(Saved entries)

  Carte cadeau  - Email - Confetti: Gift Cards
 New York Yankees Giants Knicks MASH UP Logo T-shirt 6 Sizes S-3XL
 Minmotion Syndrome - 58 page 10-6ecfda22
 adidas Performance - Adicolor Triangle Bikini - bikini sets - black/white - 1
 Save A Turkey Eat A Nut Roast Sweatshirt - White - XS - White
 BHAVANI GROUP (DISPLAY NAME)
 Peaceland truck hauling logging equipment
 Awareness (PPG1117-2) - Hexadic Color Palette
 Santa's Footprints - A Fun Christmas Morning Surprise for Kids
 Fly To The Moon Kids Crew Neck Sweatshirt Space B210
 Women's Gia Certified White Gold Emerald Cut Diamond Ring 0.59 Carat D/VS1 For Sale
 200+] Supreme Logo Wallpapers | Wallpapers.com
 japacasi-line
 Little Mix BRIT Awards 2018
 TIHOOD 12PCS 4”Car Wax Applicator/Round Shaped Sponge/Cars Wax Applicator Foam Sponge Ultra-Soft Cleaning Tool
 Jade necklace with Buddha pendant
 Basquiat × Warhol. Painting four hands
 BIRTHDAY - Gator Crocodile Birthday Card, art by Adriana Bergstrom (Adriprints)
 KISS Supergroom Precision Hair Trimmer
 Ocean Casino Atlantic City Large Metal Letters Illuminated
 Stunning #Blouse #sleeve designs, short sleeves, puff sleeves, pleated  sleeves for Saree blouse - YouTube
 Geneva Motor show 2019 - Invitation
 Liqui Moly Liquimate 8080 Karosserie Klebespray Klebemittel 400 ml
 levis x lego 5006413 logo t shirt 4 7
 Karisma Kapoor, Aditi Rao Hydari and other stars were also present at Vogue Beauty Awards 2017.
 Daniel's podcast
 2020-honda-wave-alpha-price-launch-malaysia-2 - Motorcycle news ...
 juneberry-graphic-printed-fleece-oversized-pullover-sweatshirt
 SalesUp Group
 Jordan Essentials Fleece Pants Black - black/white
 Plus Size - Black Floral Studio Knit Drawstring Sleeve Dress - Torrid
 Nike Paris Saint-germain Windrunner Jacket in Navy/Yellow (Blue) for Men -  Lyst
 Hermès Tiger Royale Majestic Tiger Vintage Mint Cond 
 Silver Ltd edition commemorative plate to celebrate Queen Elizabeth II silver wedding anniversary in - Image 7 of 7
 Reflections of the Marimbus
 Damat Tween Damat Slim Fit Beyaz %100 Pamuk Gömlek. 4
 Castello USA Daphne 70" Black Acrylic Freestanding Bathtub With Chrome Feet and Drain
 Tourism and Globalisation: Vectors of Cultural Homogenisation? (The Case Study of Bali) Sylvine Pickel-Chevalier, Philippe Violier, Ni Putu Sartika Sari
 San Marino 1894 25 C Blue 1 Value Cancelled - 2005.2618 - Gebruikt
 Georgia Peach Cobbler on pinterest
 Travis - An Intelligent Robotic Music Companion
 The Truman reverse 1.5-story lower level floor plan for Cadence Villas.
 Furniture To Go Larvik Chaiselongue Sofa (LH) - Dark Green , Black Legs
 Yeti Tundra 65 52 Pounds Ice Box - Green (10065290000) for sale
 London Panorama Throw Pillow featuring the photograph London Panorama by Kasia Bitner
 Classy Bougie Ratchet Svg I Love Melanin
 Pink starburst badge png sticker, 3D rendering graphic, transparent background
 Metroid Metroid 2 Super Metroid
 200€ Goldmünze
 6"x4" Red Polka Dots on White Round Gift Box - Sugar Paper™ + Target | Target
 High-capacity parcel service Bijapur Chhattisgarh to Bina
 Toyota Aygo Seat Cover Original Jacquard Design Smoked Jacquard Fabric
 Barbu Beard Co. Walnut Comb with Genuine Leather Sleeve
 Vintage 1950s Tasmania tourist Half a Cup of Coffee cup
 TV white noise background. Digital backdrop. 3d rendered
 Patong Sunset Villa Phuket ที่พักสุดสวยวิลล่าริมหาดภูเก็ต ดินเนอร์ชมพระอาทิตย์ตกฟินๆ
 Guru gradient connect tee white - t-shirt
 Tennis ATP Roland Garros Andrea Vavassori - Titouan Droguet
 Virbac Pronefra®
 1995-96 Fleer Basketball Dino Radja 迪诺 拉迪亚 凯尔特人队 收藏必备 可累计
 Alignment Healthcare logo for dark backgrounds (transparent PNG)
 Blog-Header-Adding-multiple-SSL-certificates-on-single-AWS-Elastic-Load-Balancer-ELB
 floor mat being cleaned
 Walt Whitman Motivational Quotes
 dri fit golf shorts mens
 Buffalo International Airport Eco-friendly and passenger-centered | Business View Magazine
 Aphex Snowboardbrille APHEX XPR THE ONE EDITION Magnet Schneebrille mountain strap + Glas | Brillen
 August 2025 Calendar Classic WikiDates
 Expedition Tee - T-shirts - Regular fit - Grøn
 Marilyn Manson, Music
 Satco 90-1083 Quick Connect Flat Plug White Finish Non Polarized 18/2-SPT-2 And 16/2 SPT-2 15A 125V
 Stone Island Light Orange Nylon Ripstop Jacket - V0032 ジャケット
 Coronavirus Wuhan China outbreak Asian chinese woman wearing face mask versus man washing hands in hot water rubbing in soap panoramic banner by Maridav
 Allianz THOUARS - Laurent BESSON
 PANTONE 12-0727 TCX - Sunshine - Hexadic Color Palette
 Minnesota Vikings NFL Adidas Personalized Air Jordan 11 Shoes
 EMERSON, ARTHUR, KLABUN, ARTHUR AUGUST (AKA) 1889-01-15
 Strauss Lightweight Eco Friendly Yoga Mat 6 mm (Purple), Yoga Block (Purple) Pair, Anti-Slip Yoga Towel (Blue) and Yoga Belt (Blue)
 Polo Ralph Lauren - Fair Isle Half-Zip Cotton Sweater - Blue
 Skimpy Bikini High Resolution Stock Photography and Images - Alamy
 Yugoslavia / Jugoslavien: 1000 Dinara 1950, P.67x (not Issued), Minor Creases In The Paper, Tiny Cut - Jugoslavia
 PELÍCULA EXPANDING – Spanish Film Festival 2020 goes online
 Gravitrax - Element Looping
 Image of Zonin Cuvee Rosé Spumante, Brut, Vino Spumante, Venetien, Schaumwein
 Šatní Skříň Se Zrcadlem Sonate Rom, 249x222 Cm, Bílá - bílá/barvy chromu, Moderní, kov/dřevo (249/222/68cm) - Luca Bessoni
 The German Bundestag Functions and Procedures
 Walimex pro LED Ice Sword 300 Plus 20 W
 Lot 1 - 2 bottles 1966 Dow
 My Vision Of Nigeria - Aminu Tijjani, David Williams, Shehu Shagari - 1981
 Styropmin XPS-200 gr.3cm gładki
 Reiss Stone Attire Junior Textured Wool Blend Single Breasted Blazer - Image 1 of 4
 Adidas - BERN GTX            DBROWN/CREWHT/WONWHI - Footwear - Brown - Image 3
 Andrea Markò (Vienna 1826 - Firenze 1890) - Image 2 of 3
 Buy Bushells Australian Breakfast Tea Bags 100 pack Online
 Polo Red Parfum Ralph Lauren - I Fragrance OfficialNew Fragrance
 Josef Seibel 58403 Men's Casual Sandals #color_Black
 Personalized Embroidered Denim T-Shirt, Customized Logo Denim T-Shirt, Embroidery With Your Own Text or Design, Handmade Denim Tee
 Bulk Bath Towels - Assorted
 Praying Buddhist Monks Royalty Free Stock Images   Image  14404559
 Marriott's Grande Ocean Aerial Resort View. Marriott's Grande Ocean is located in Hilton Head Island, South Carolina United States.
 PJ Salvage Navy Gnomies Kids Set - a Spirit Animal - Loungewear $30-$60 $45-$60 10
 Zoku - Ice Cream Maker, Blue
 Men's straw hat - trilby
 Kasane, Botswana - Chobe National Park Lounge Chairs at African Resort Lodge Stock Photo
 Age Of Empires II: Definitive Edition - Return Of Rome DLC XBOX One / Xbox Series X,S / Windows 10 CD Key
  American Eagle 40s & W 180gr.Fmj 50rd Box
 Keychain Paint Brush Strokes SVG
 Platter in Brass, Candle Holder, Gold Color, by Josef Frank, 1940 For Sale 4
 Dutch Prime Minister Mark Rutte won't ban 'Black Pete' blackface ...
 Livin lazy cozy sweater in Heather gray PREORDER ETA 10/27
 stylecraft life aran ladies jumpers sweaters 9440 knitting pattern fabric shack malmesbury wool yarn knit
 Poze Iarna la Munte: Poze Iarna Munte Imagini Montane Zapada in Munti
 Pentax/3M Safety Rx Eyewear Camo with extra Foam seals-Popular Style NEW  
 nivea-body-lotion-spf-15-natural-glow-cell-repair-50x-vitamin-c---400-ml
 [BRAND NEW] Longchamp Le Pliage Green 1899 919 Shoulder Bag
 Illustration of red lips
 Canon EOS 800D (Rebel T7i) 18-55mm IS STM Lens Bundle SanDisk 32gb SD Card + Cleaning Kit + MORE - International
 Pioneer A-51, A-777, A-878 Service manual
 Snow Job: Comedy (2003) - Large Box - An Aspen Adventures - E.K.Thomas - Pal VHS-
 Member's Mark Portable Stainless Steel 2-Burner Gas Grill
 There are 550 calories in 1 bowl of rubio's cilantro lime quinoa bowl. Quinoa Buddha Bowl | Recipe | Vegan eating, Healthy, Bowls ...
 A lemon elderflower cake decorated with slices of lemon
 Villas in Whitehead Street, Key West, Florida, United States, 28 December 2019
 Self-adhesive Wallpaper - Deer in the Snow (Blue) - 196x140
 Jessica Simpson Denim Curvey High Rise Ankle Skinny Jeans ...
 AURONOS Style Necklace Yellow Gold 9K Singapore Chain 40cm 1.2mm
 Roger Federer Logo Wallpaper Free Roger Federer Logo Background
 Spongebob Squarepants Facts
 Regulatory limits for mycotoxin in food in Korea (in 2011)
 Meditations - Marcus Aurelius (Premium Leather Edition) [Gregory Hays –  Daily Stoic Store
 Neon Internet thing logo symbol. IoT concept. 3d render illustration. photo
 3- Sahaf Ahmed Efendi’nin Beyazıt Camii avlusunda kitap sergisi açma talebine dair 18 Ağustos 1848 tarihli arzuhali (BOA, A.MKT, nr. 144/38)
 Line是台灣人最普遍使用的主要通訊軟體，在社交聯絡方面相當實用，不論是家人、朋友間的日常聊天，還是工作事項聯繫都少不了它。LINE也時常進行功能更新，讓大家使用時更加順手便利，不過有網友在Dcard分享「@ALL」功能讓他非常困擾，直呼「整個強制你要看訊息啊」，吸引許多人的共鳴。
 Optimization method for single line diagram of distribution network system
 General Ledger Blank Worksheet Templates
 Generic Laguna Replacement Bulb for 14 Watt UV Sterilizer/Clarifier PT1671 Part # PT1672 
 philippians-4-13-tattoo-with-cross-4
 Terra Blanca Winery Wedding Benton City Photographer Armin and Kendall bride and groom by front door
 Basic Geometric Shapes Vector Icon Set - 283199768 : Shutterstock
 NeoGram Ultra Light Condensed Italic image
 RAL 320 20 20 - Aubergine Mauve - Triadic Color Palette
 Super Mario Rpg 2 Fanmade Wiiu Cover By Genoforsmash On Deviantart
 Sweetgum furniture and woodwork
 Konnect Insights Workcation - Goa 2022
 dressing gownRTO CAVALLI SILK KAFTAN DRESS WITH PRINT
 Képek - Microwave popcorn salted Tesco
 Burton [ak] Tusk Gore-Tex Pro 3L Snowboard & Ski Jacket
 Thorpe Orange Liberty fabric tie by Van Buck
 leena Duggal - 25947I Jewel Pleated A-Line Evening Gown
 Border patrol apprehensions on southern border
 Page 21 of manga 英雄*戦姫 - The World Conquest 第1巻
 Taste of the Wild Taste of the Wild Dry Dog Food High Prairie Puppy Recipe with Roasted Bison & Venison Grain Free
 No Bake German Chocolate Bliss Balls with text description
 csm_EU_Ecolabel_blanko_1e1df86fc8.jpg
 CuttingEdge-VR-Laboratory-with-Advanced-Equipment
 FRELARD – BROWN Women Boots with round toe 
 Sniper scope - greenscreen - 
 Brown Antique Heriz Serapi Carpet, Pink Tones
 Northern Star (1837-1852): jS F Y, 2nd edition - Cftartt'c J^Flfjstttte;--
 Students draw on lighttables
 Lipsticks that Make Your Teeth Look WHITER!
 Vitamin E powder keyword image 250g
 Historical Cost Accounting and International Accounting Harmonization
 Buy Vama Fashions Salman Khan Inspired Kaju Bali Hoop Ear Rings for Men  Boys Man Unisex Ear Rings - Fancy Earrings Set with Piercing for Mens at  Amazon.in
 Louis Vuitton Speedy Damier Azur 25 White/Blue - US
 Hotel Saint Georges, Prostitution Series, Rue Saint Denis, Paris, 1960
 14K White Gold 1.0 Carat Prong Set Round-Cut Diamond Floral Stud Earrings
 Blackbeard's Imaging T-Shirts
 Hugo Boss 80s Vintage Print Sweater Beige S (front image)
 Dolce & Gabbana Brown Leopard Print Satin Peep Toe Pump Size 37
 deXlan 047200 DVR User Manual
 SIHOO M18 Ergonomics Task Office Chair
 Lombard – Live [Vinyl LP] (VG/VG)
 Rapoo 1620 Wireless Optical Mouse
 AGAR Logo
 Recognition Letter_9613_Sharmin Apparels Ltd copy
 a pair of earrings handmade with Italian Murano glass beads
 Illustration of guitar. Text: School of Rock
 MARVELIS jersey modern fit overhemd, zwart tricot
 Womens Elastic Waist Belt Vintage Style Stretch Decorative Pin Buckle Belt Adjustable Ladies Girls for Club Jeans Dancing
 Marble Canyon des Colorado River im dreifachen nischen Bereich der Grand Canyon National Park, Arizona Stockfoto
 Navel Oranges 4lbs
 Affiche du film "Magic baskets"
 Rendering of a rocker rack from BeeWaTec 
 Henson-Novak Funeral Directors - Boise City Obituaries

◆ **What to work on**:
Using the records above, restate word for word the lines from the one with "Villas in Whitehead" through the one with "AURONOS Style Necklace", both included.

◆ **Final answer**:
 Villas in Whitehead Street, Key West, Florida, United States, 28 December 2019
 Self-adhesive Wallpaper - Deer in the Snow (Blue) - 196x140
 Jessica Simpson Denim Curvey High Rise Ankle Skinny Jeans ...
 AURONOS Style Necklace Yellow Gold 9K Singapore Chain 40cm 1.2mm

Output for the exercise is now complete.